У Мардука был мягкий интеллигентный голос.
Свет мигал все чаще, и в этих мерцающих вспышках свет-сумрак ему показалось, что Упырь запустил свою лапу под ремень мардуковых джинсов.
Он где-то читал, что, если свет мигает с очень короткими интервалами, мозг просто игнорирует краткие периоды темноты, как бы достраивая реальность в момент ее исчезновения. Если окружающий мир нам регулярно отключают на долю секунды, а потом включают вновь, кто это заметит? Мы живем среди лакун и провалов…
– А кто же тогда порождает смыслы?
Язык слушался плохо… Пожалуй, пора прекращать. И вообще – сколько он выпил?
– Никто, – сурово сказал Мардук. – Смыслы существовали всегда. Просто человек каждый раз дотягивается до какого-то определенного уровня смыслов. Сначала он берет те, что лежат поближе. Потом – те, что подальше. В конце концов он отрастит себе такие ментальные щупальца, что…
– Невиданные, прекрасные смыслы?
– Да. И это будет конец человечества. Потому что для них нужен приемник другой конструкции. Сверхточный. Сверхтонкий.
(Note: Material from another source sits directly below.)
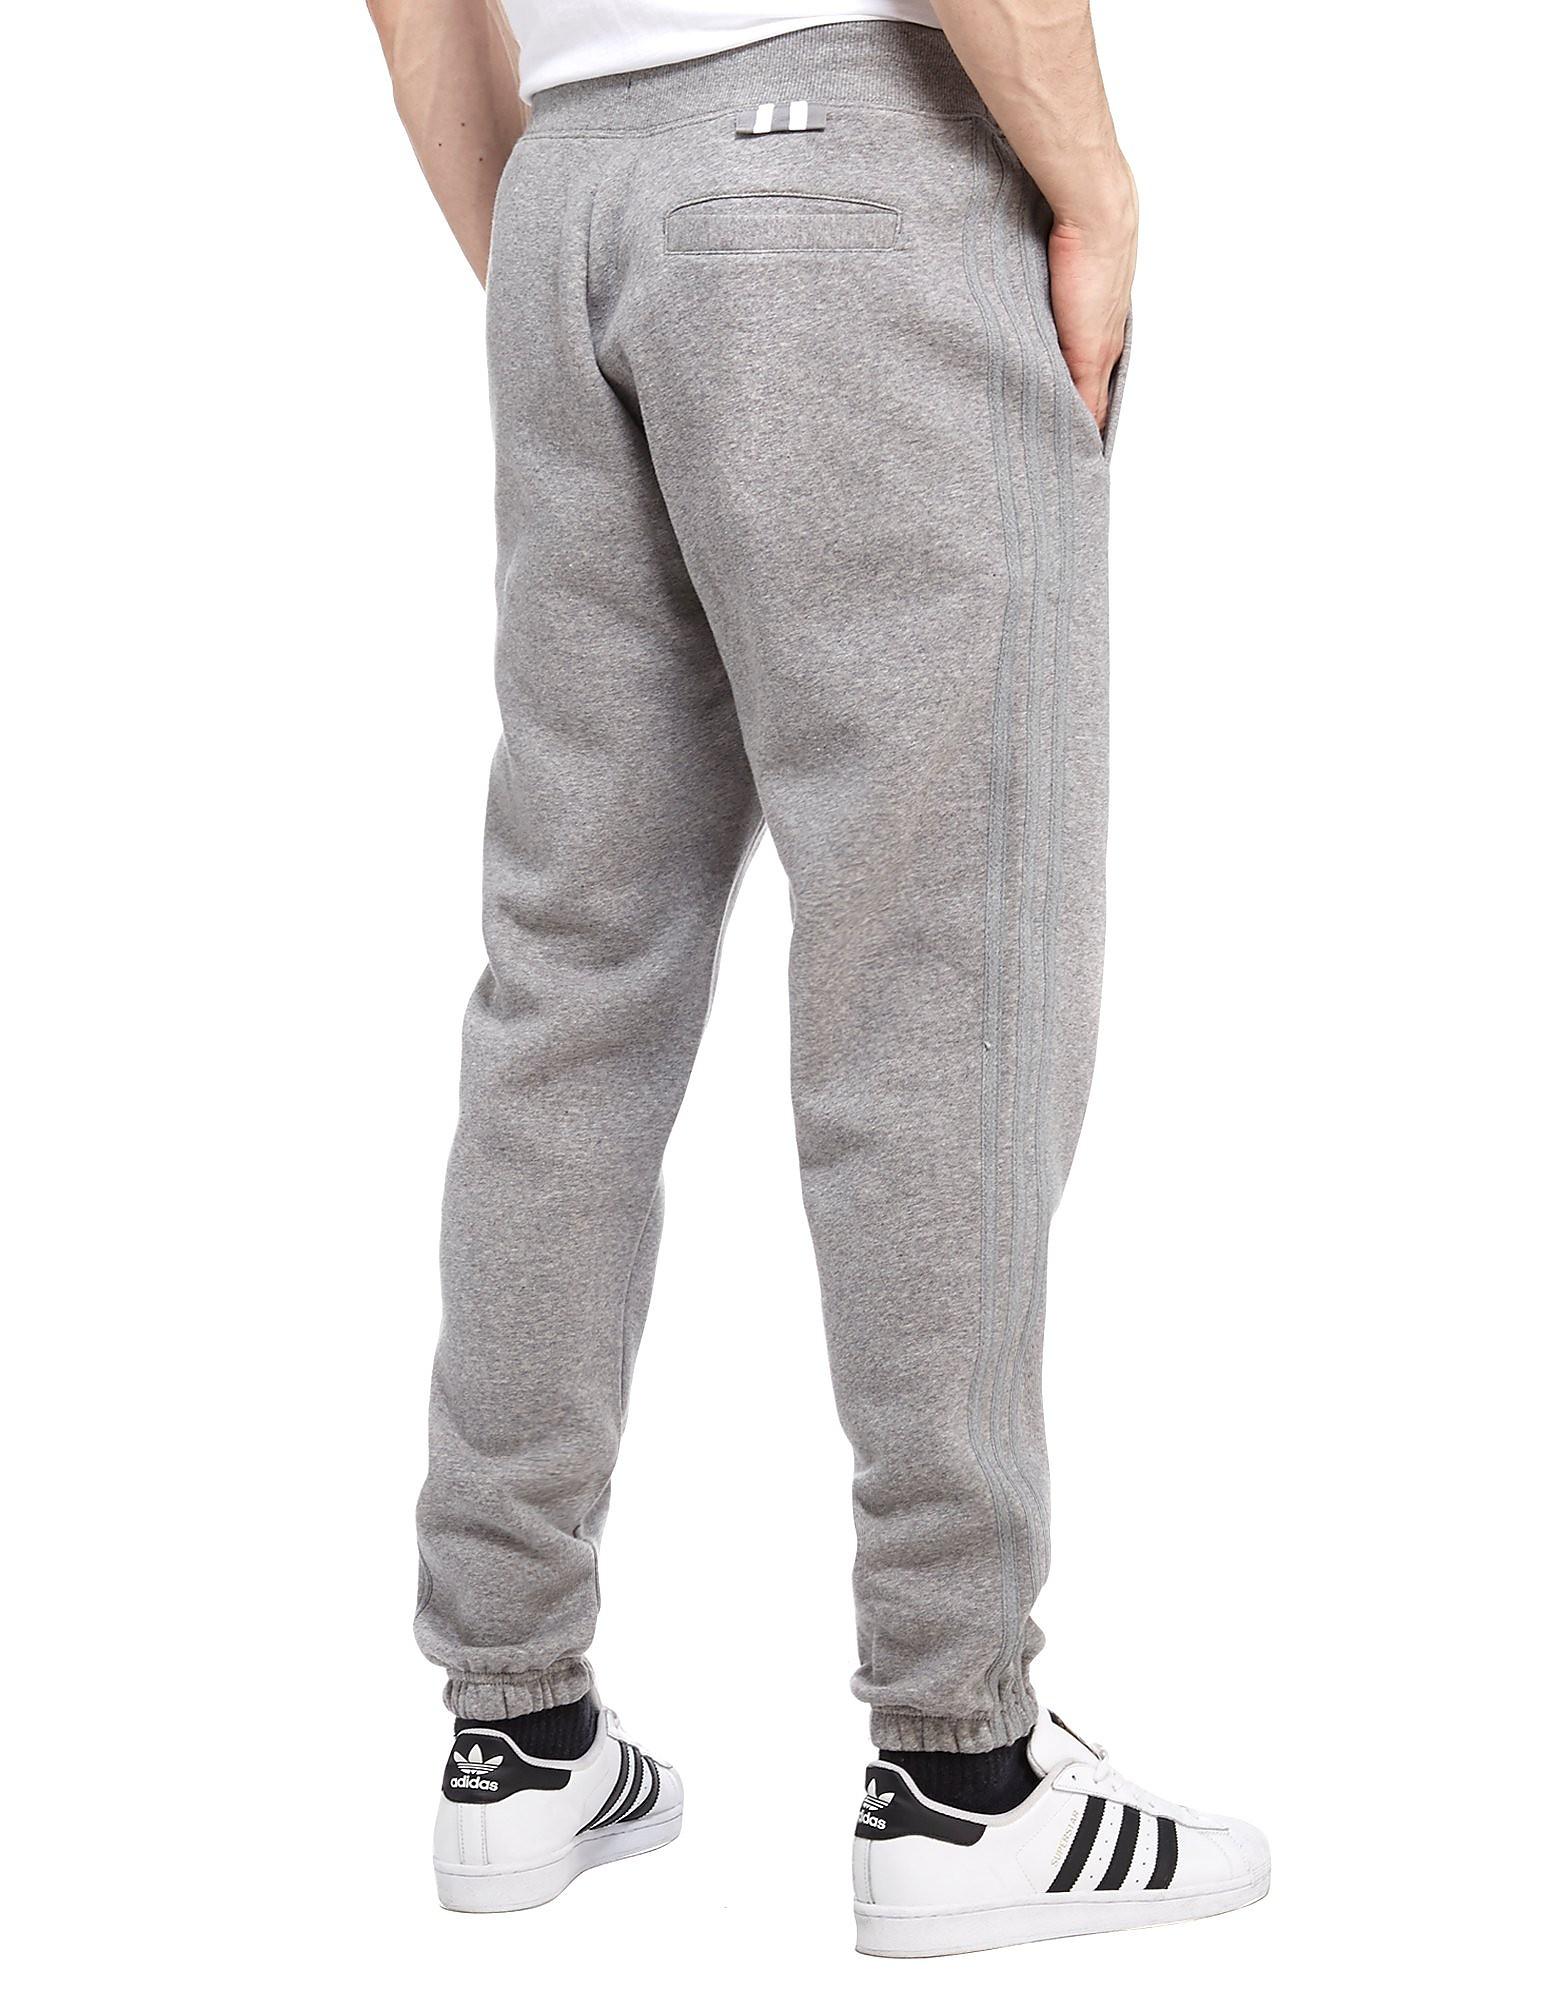 adidas Originals Trefoil Fleece Pants

– Про это я тоже читал. Точка Омега и так далее. Фантасты это любят.
– Почему нет? Что такое все озарения? Эхо. Опрокинутое в прошлое эхо. У кого-то оказалась настройка получше. В облаке смыслов, нет ни прошлого, ни будущего. Только холодное, сияющее настоящее.
Ладонь Упыря окончательно скрылась в штанах Мардука. Хм…
В голове звенело. Это из-за лампочки. Зудит, как зубная боль. Мигает, зудя. Свет может превращаться в звук. Если захочет. В провалах реальности, когда вещи меняют смыслы, свет не есть тьма. Свет есть звук.
– А я думал, что байкеры… Ну, что они не так тесно общаются друг с другом.
– Вот тут ты, брат, ошибся. Мы не байкеры. Агрессивный милитаризм байкеров нам претит. И вот эта их… я бы сказал, эта их стайность. К тому же байкеры стыдятся высоких мужских отношений. Хотя эта их гипертрофированная мужественность… демонстративная маскулинность… все буквально кричит об их истинных намерениях. Нет, мы не байкеры. Мы фрирайдеры. Да, Мардук?
– Да, Упырь.
– Нам чуждо объединение по любому признаку.
– Это приятно, – сказал он. – Уважаю независимость.
И свет погас.
– Эй!
Свет был серый и холодный, как в первое утро нового года. И резал глаза. Где он вообще? Ах, да. Хостел. «Пионер», кажется. Да, точно, «Пионер». А это еще кто? Он же просил комнату на одного.
Любое движение глазных яблок отзывалось головной болью. Он прищурился, стало полегче. Темное пятно на фоне окна – это лицо. Ага.
Разве он пил вчера водку? Он не помнил. Он точно помнил, что пил пиво. Что было потом? Мигающая лампочка, бородатые лица.
– Они подложили что-то в лампочку, – сказал он.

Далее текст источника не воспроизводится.